CHARITY BEGINS AT HOME

Enacting their usual charade from smaller catastrophes (Burma is occasionally struck by earthquakes or flooding), the Generals handed out blankets and boxes of ramen (sent by Thailand, relabeled with the Generals’ names) to a few recipients photographed groveling, just the way they like them. General Than Shwe stonewalled UN Secretary General Ban Ki Moon, not picking up the phone, but eventually hosted his visit, showing him a clean tent camp with fresh supplies and promising him visas for the foreign friends. As usual, the junta toyed with the UN, and played with ASEAN (the Association of South East Asian Nations, of which Burma is a full if disreputable member.) ASEAN held its emergency relief meeting two weeks after the storm and continued to schedule meetings as if this was a Global Warming crisis coming some time in the future rather than a matter of people running out of drinking water and food right in the present. Rising to the occasion at a snail’s pace, ASEAN’s Emergency Rapid Assessment Team gave itself three weeks to prepare its first report on what would need to be done, and another month after that for its complete assessment.

The aid the regime did not refuse was often delivered in “dump and leave” fashion, unloaded and warehoused by the Burmese army — after all, its nearly half million soldiers need biscuits and blankets too. Some of the relief goods were outright stolen and sold in the markets. An unknown amount made it to the Delta, much of it only to be delivered into the hands of the junta’s local government flunkies.

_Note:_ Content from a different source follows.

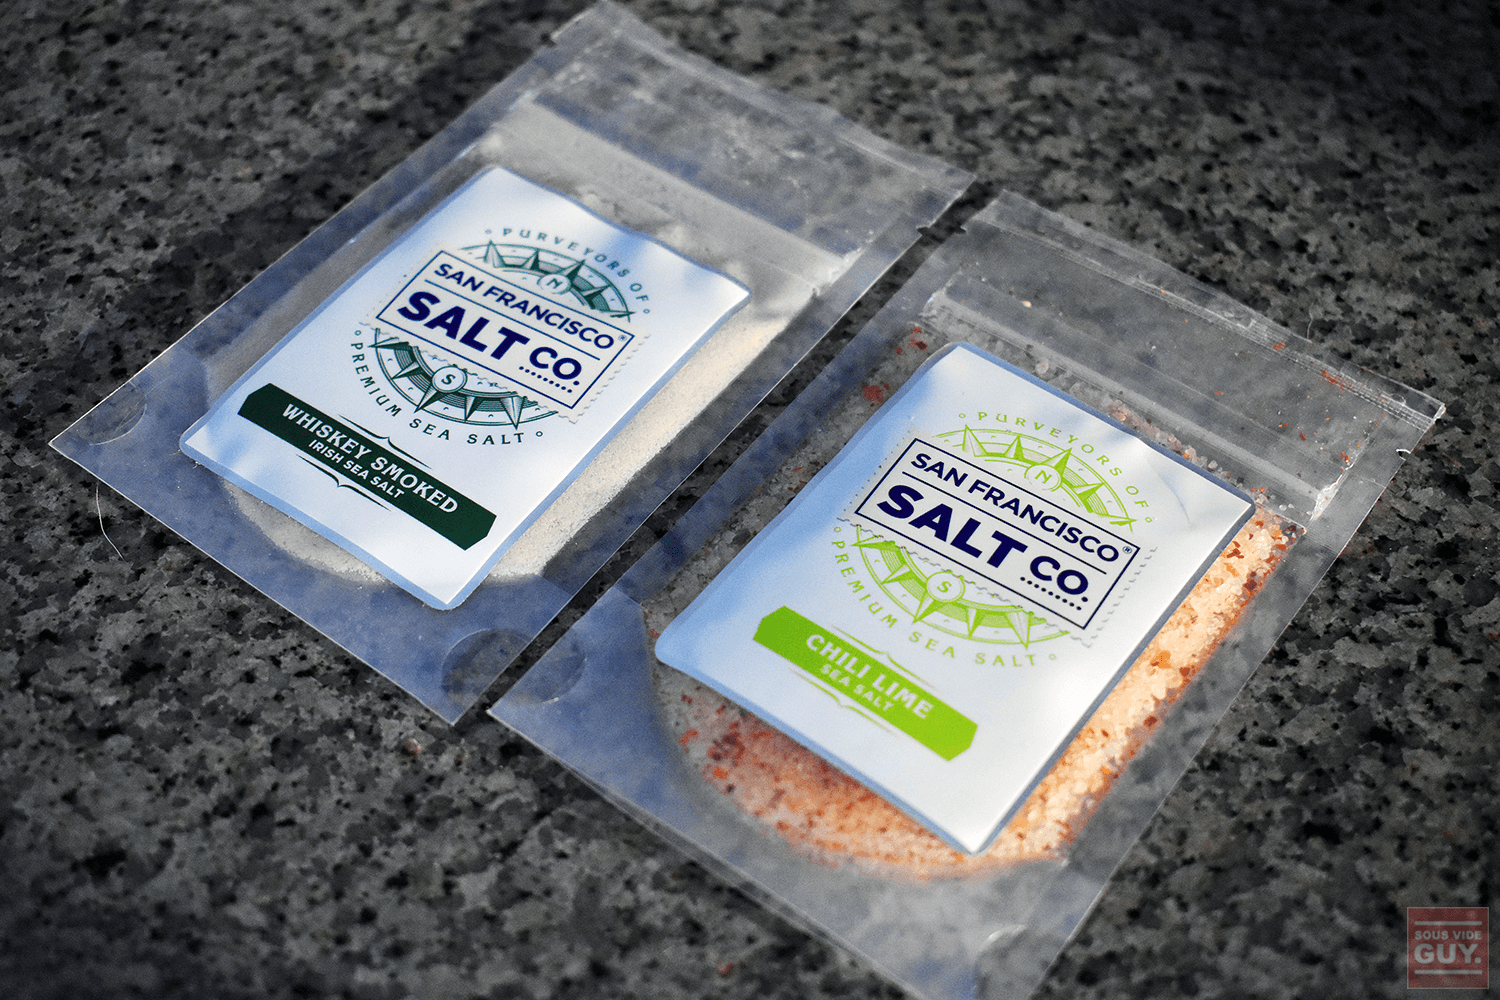 San Francisco Salt review

Everyone acted properly scared of the junta, the sovereign rulers of their sovereign land. The UN was very respectful indeed, and the US didn’t invade with relief zodiacs. No “Sea Angels” this time, though the US kept offering in a good cop, bad cop alternately polite and rude way. Four US Navy ships that had been in the region for a humanitarian relief training mission, fully supplied, waited for an invitation that never came. France’s Foreign Minister Bernard Kouchner (a mass of contradictions who co-founded Medecins Sans Frontieres in 1971, but in 2003 wrote what many human rights groups considered a whitewash report for the French petroleum multinational Total, the regime’s top foreign investor, about its Burma pipeline project) proposed humanitarian intervention. Kouchner invoked the United Nations’ mandated “responsibility to protect” the citizens of any country who are being exterminated or neglected post-disaster to the point of extermination. Still, France didn’t invade. Neighboring Thailand didn’t invade. A few relief cargo planes managed to land at the Rangoon airport each day, dumping and running.

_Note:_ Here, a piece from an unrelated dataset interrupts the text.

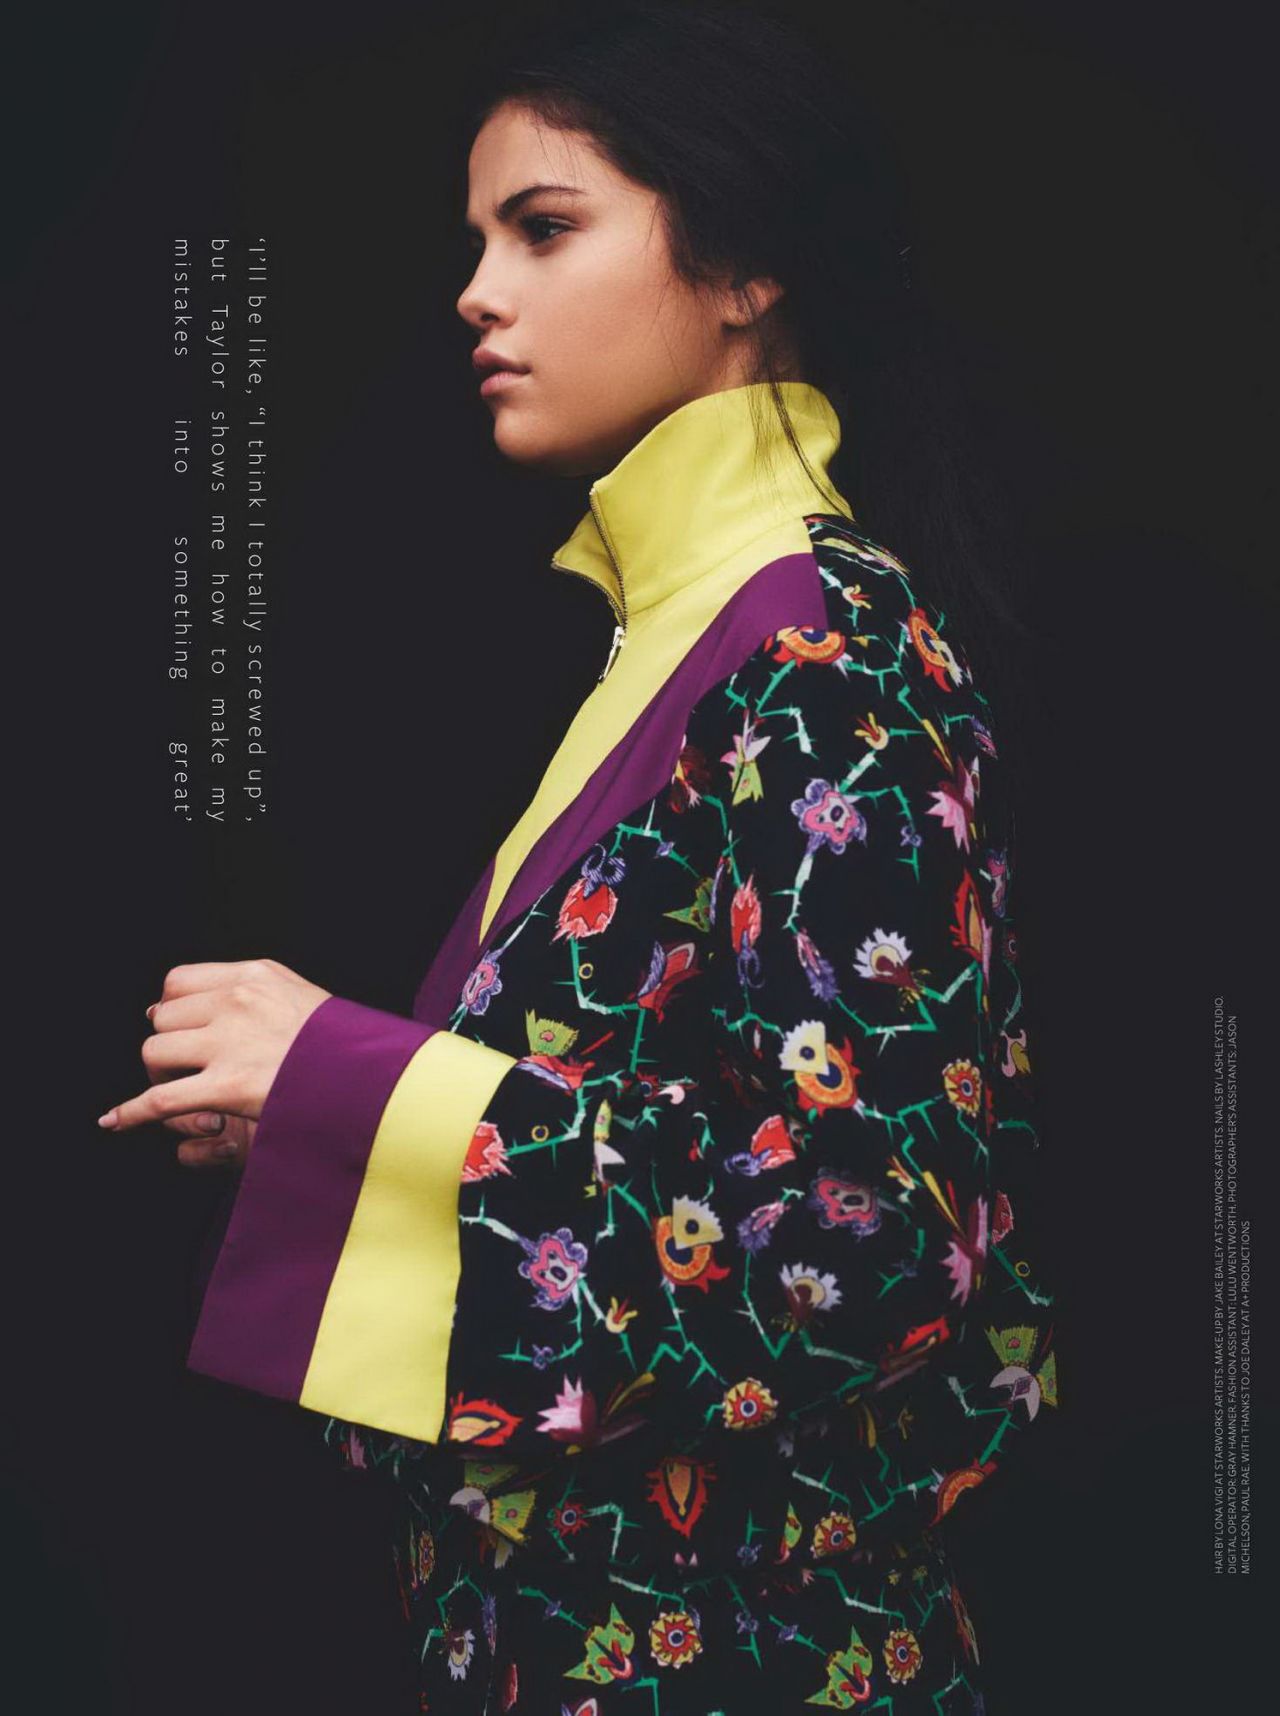 Selena Gomez InStyle Magzine Wallpapers

Suddenly Burma was the subject of the big time aid paradigm, what Naomi Klein calls “disaster capitalism.” The regime did its part by demanding $11 billion for “reconstruction” with the assertion that the relief phase was over, and put forth some vague talk of elevated highways for the Delta, the kind of big infrastructure project they usually accomplish with forced labor. Perhaps they are also having visions of food production without farmers, the agribusiness ideal.

Some people gave Burma kudos for standing up to the UN and US, portraying the junta as plucky anti-colonialists who would “rather die” than take aid from a bunch of first-world calamity vultures who would come in and boss everybody around and even bring their own soldiers with them. One instant Burma expert in the Philippines opined that the powerful nations were trying to bring aid into Burma as a pretext to invade and get Burma’s petroleum. What he had missed out on was the fact that those nations were right in there pumping out the natural gas already, in direct partnership with the Generals. No need to invade there, pretext or not. That seems to be a rule in this “Syriana” era: You don’t send your military in if you already have the petroleum.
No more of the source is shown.